While full-time job growth stalls, the ranks of the self-employed are growing briskly. According to the author of a how-to guide to commercial writing, freelance writers are finding lucrative ($60-80/hour) opportunities with downsized corporations large and small, reluctant as yet to rehire staff. It all adds up to a flexible, profitable home-based career direction.
A year ago, Michele Ryan was an at-home Mom, content to donate her writing abilities to the PTA or local civic association. Sensing the economic time was right, she jumped into lucrative freelancing. Today, she helps several local healthcare organizations craft their marketing materials, and gets paid $75 an hour to do it. And she’s not alone. While the economic recovery continues to deliver mixed signals, many downsized companies are turning to experienced freelancers to handle their written communications needs.
“Why spend 20-25+ hours slaving over a magazine article that might pay a flat $300 and then fight for your money, when you could do a corporate project in a fraction of the time, bill all your hours at an average $60-80/hour and get paid in 30 days?” So comments Peter Bowerman, Atlanta-based author of The Well-Fed Writer: Financial Self-Sufficiency as a Freelance Writer in Six Months or Less, a step-by-step how-to guide on writing for corporations and creative entities of all sizes.
Current employment stats seem to underscore the viability and strength of the self-employment movement. According to the Bureau of Labor Statistics, in November, jobs grew by 57,000, one-third of analyst projections, while the self-employed ranks swelled by 156,000, a figure cited by The New York Times as, “a primary reason that the unemployment rate dropped to 5.9 percent.” BLS stats show the economy adding only 1,000 jobs in December. 150,000 were projected.
“Companies that scaled back during the recession are gun-shy of rebuilding too fast,” observes Bowerman. “Hiring freelancers just makes good economic sense. They don’t have to pay salaries or benefits, they buy only the services they need, when they need them, they get access to a wide range of talent and they benefit from fresh outsider perspectives.”

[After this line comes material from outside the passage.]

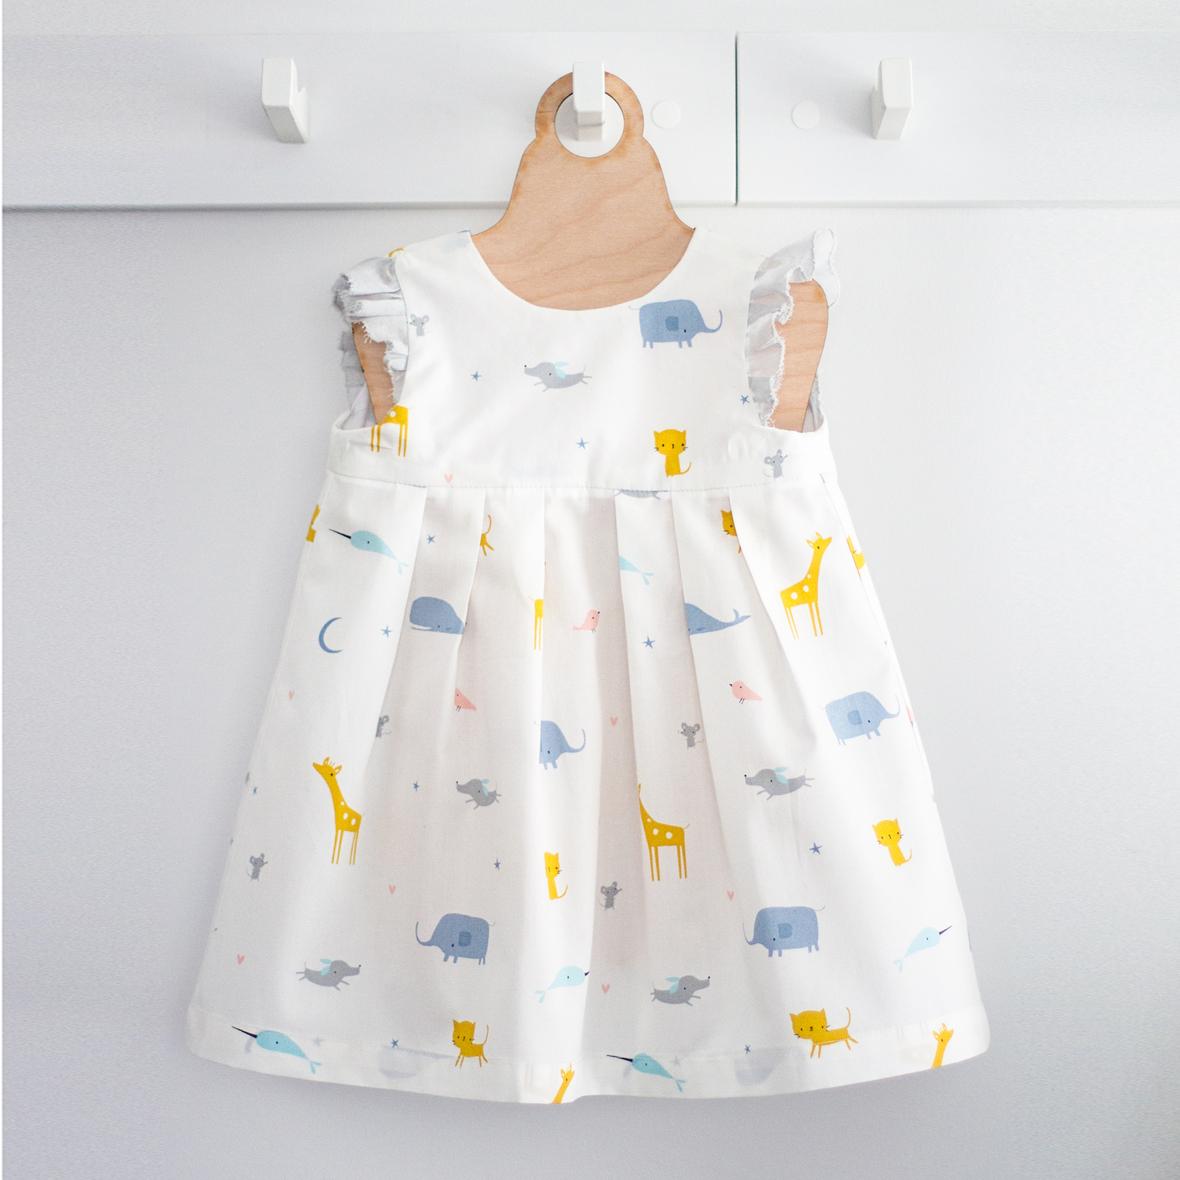 Cloud 9 - geranium dress - made by rae
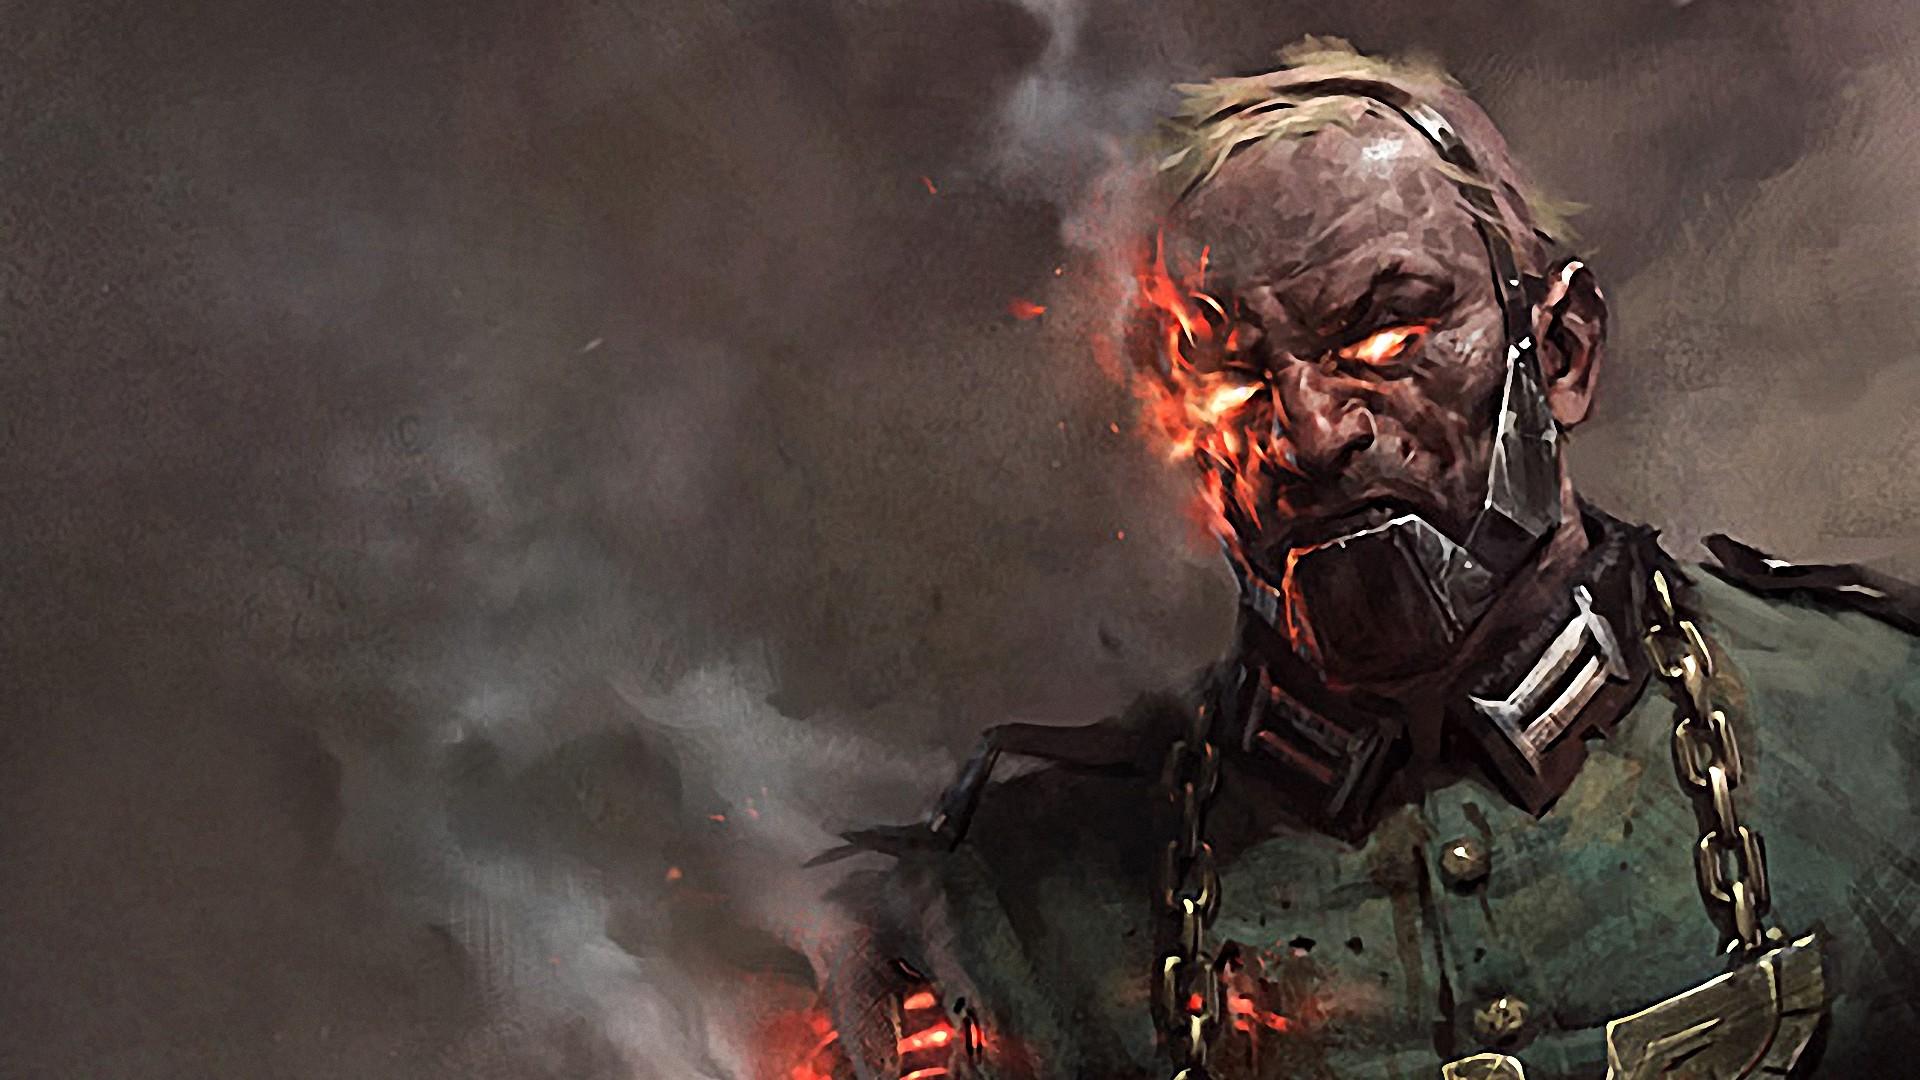 Zombies Nazi artwork wallpaper 1920x1080 192041 WallpaperUP 1920x1080

Veteran commercial freelance writer Bob Bly, author of 50+ writing titles, says of the field: “I know of no other arena of writing so lucrative yet so easy to get started in.” With no writing background, paid professional writing experience or industry contacts, Bowerman was paying all his bills through commercial writing in four months. “If you’re a decent writer and you dream of getting out of the rat race, working from home and having time for a life, this is a great option.”